Стоящий рядом, он был чуть ли не вдвое выше нее.

— Мне что, во всем быть как другие? Знаешь, что бы я сделала с раввинами, расхваливающими лук? Бросила бы их в Мертвое море и приказала бы нырять на дно. — Руфь засмеялась.

— Ты говоришь так, как будто живешь в Палестине, а сама там вообще не была.

— Ошибаешься, я оттуда никогда не ухо…

Остаток слова унес неожиданный порыв ветра.

ЧАСТЬ ДЕВЯТАЯ


ОТ ИЮНЯ ДО ИЮНЯ. 1940—1941 гг.

Глава первая. Президент Пятс

Когда митингующие снова зашумели, Пятс понял, что с этим народцем разговаривать бесполезно, его просто не слушали. Не впервые за последние четыре дня он ощутил, что бессилен: по сути дела, только это он и ощущал с той самой минуты, когда известие о новом ультиматуме, выдвинутом Сталиным, достигло Ору. А что ты можешь поделать, если чужая армия уже на твоей территории? Осенью, когда пришлось подписать договор о базах, грузинскому разбойнику отдали палец, и теперь тот затребовал всю руку.

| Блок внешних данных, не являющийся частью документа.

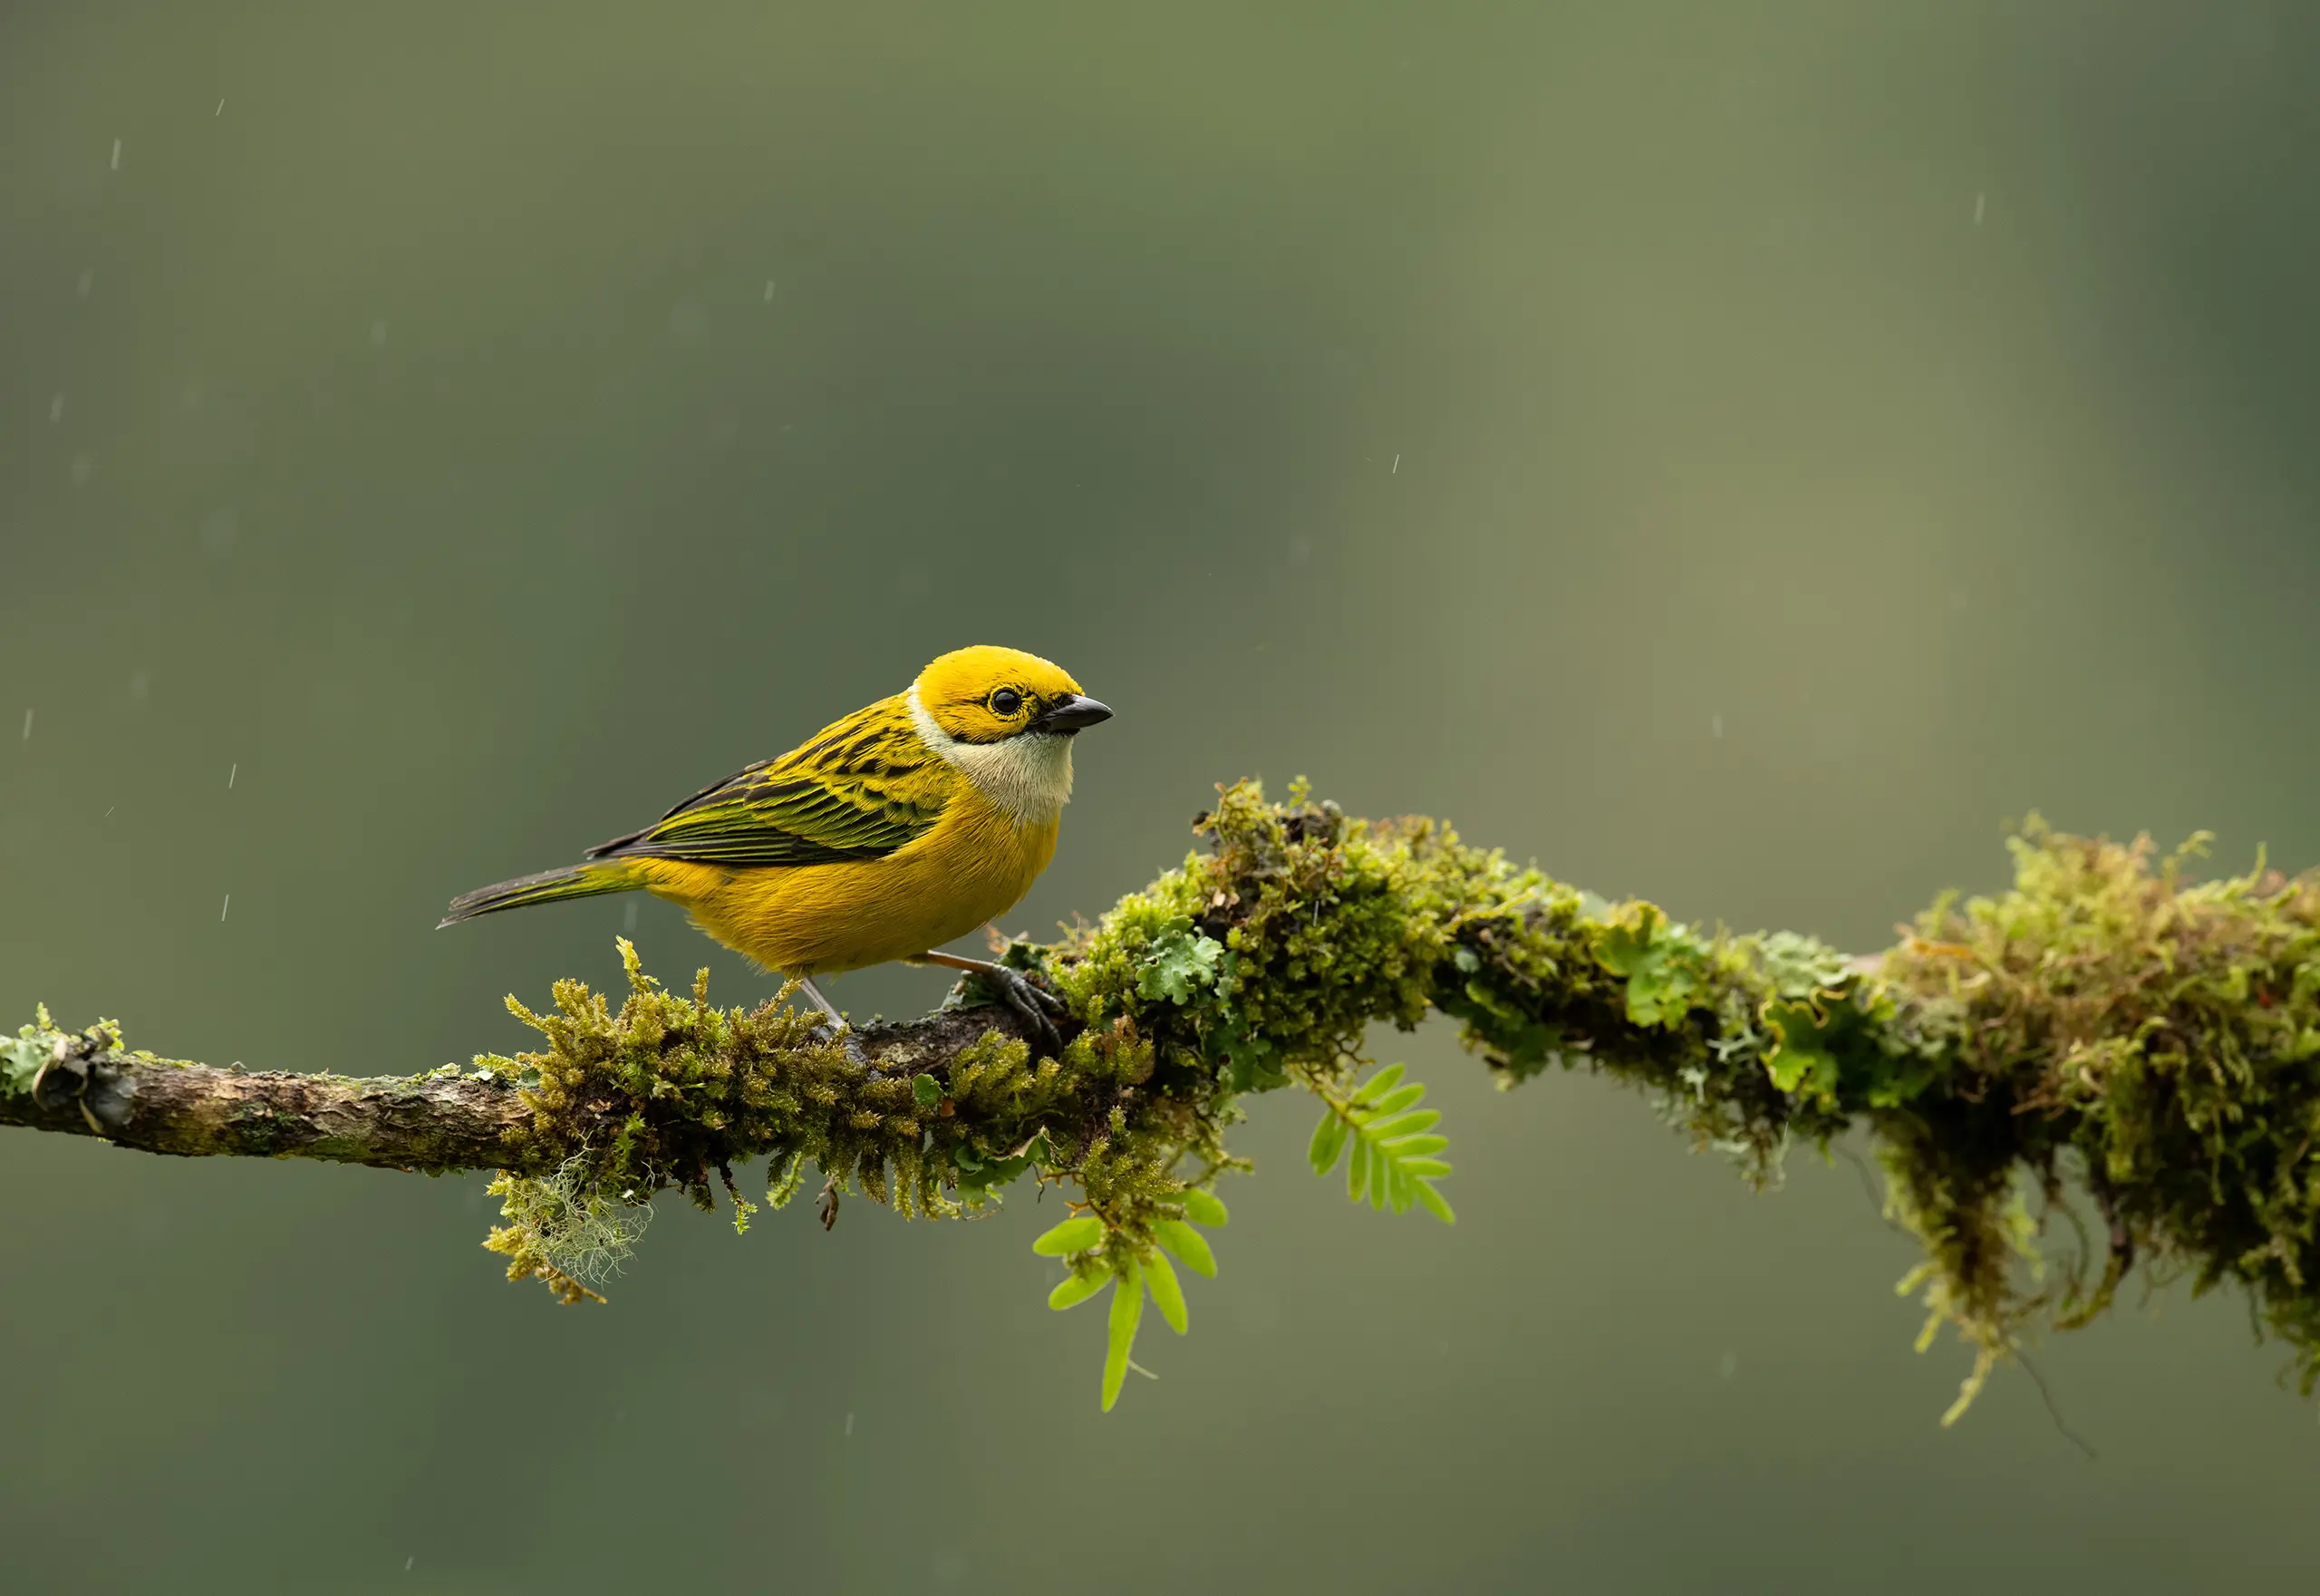 A Golden Tanager perched on a branch in the rain.

Но был ли у него выбор и тогда?

Этот вопрос мучил его с декабря, с тех пор как выяснилось, что финны оказали большевикам сопротивление, намного более упорное, чем кто-либо мог предполагать. Если бы сталинские войска решили дело в свою пользу за пару недель, как гитлеровские в Польше, все наверняка в один голос восхваляли бы его: молодец Пятс, принял единственное верное решение. Но русские в Карелии вляпались крепко, и с каждым днем Пятс все чаще ловил на себе укоризненные взгляды — неужто мы не могли так же дать красным бой? И кому ты объяснишь, что сравнение это неуместно? Что финнов в четыре раза больше, чем эстонцев, их географическое положение куда более выгодное и ко всему прочему во главе их армии стоит Маннергейм, в то время как ты должен довольствоваться Лайдонером. Ибо разве не твой главнокомандующий в сентябре первым поджал хвост, утверждая, что превосходство соперника как в живой силе, так и в технике подавляющее и военное сопротивление бессмысленно? А почему превосходство в вооружении оказалось подавляющим, господин генерал? Кто был обязан позаботиться о том, чтобы эстонская граница с Россией была так же хорошо укреплена, как финская?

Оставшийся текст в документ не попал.